10 is a cross-sectional view showing the relationship between the seismic isolation support plate and the seismic isolation bearing shown in FIG.

FIG. 11 is a schematic explanatory view of a seismic isolation device showing still another embodiment of the present invention.

FIG. 12 is a sectional view of the damper of FIG.

FIG. 13 is a schematic explanatory view of a seismic isolation device showing still another embodiment of the present invention.

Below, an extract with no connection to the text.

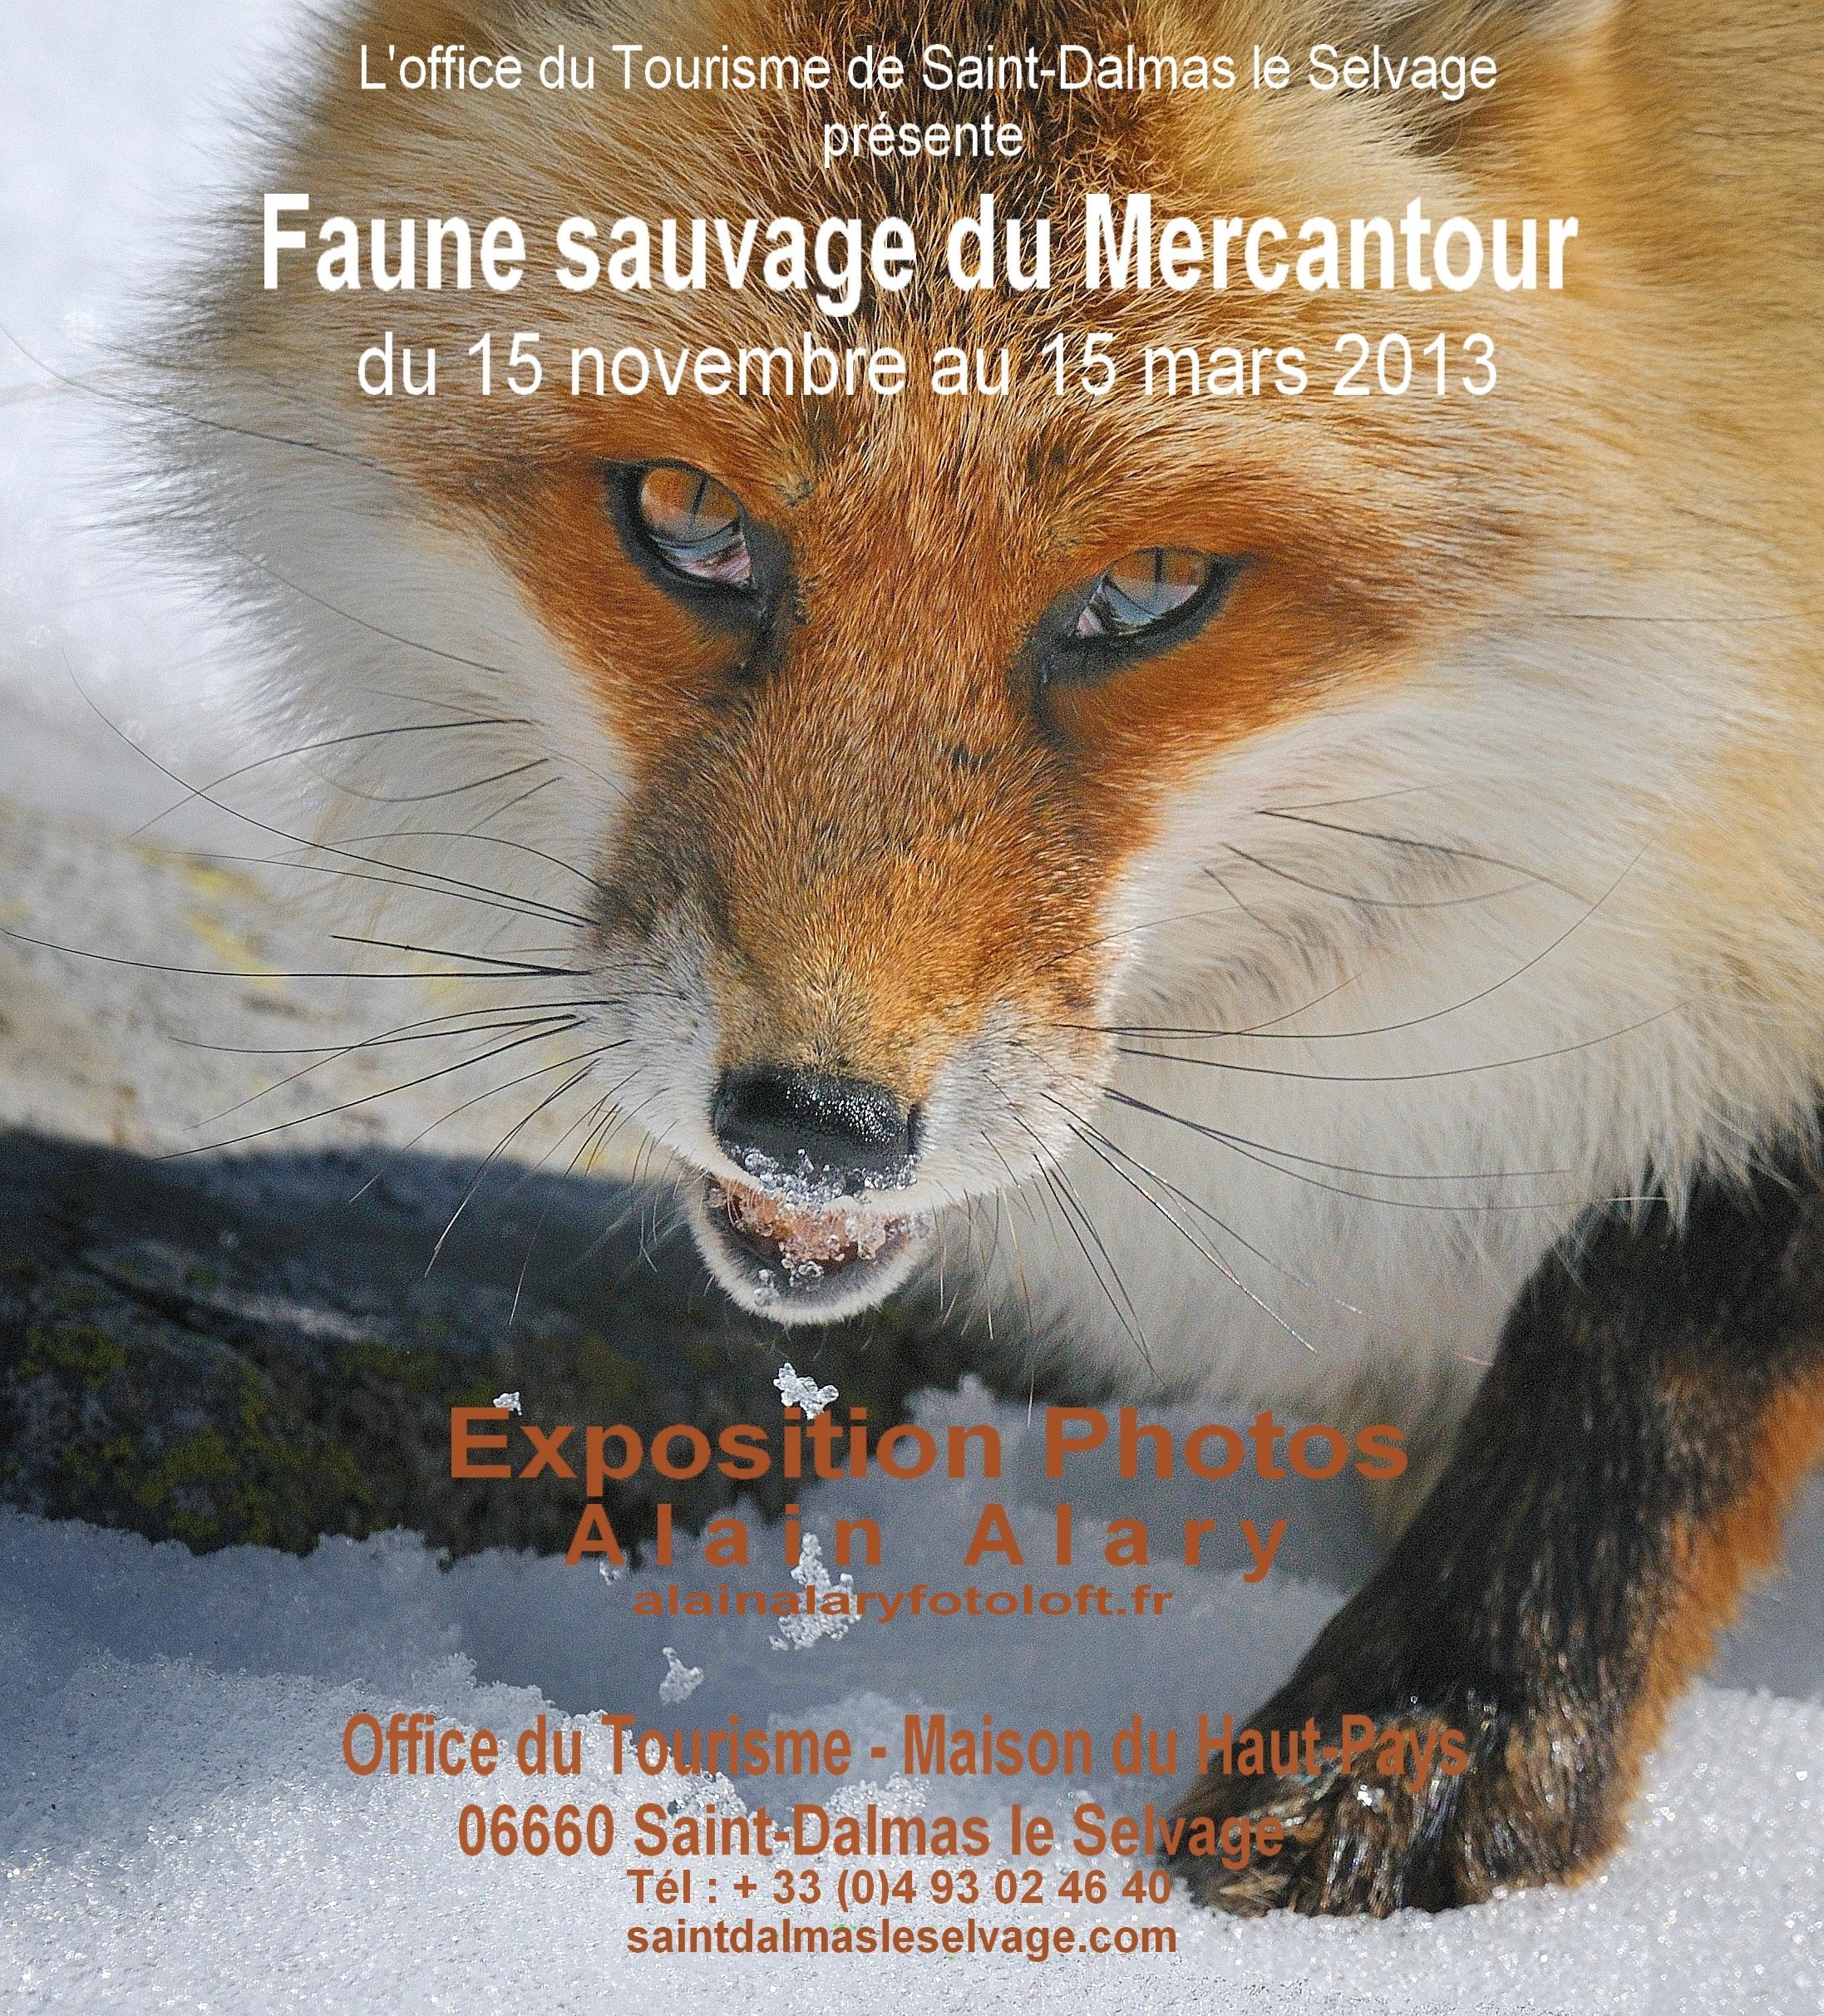 affiche expo Saint Dalmas le Selvage ok
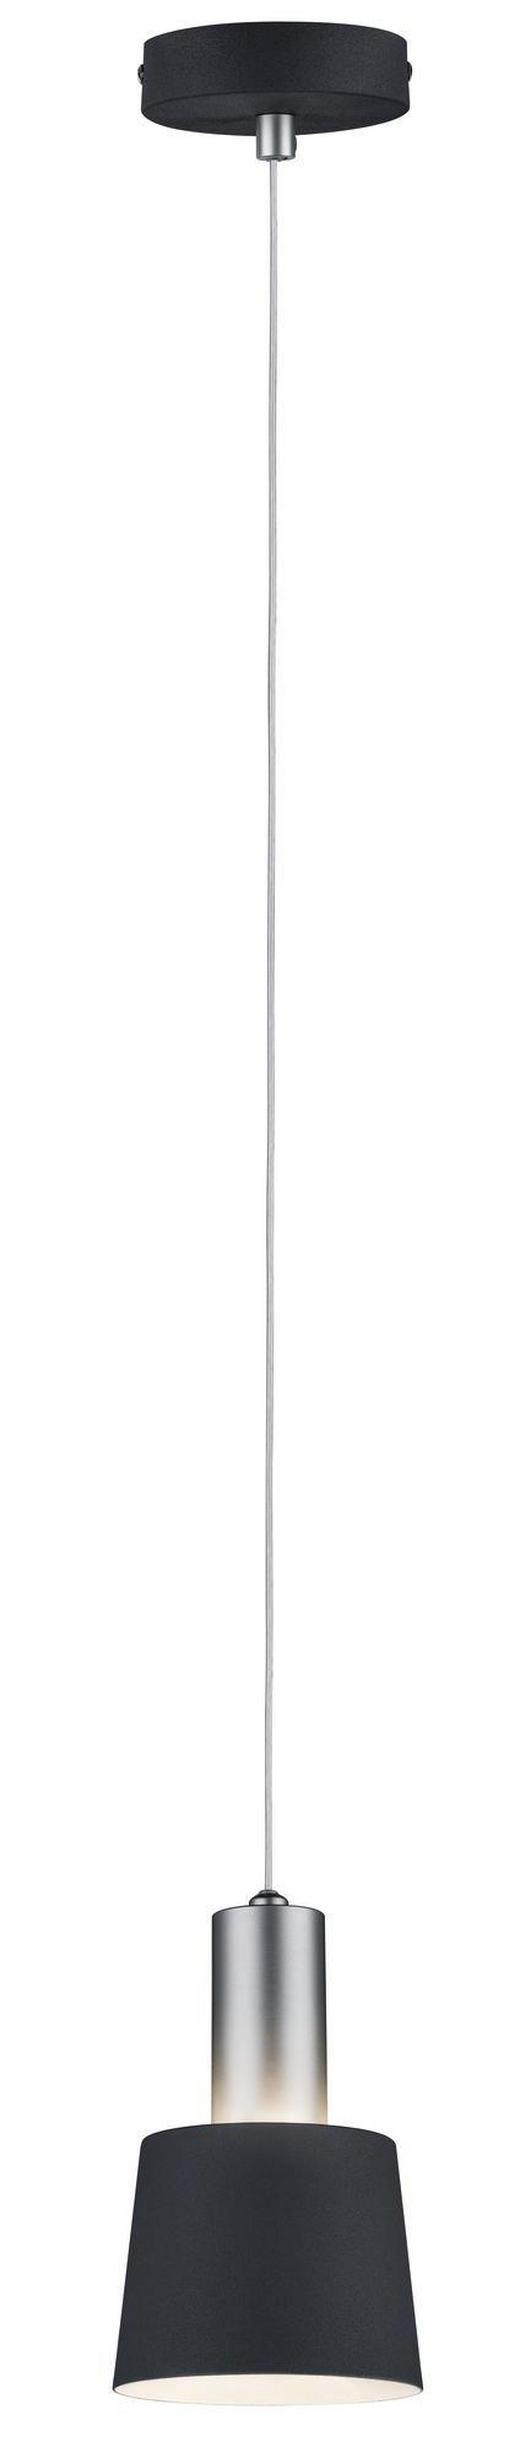 HÄNGELEUCHTE - Chromfarben/Dunkelgrau, Design, Metall (12/172cm)

FIG. 14 is a cross-sectional view of the damper shown in FIG.

[Explanation of symbols]

 DESCRIPTION OF SYMBOLS 1 ... Building (supported body) 2 ... Foundation (support body) 3 ... Seismic isolation device 4 ... Seismic isolation support plate 4a ... Upper surface (contact support surface) 5 ... Seismic isolation bearing means 11 ・ ・ ・ Parallel link mechanism (expansion / contraction support means) 24 ・ ・ ・ Damper 25 ・ ・ ・ Coil spring (return means)

Claims (7)

[Claims] 1. A seismic isolation support plate attached to one of a lower surface of a supported member and an upper surface of a support member and having a contact support surface facing the other, a lower surface of the supported member and an upper surface of the support member. Seismic isolation bearing means attached to the other of the first and second and abutting movably in a horizontal direction relative to the contact support surface of the seismic isolation support plate; and the seismic isolation support plate of the supported body and the support body. Is interposed between the one with the attached and the seismic isolation bearing means,
A seismic isolation device comprising: telescopic support means capable of allowing relative movement in the horizontal direction between the seismic isolation bearing means and the seismic isolation support plate, and capable of preventing the supported body from floating upward. 2. The seismic isolation device according to claim 1, wherein the expansion / contraction support means is a parallel link mechanism, and further comprises expansion / contraction restriction means for restricting expansion / contraction of the expansion / contraction support means. 3. The expansion / contraction support means is a parallel link mechanism, and is interposed between the support and the supported body to constantly apply a horizontal and original return force to the supported body. The seismic isolation device according to claim 1 or 2, further comprising a return unit. 4. The expansion / contraction support means is a parallel link mechanism, and a pair of the parallel link mechanism is provided between the supported body and the support body to which the seismic isolation support plate is attached and the seismic isolation support means. The two joints at one corner are rotatably held, and the telescopic support means has a damper interposed between a pair of joints on the other diagonal of the parallel link mechanism. The seismic isolation device according to claim 1. 5. The seismic isolation device according to claim 1, wherein a contact support surface of the seismic isolation support plate is concave. 6. In any one of claims 1 to 5,
The supported body is a building, the support is the foundation of the building, and the expansion and contraction support means is provided with return means, the expansion and contraction support means is provided at a plurality of locations, and the return means is provided in a horizontal direction. A building with a seismic isolation device characterized in that the direction of action of the restoring force is changed. 7. A method for controlling the operation of a seismic isolation device according to claim 2, wherein the restriction means for restricting the expansion and contraction of the expansion and contraction support means of the seismic isolation device is controlled by an earthquake detection means or an air flow detection means.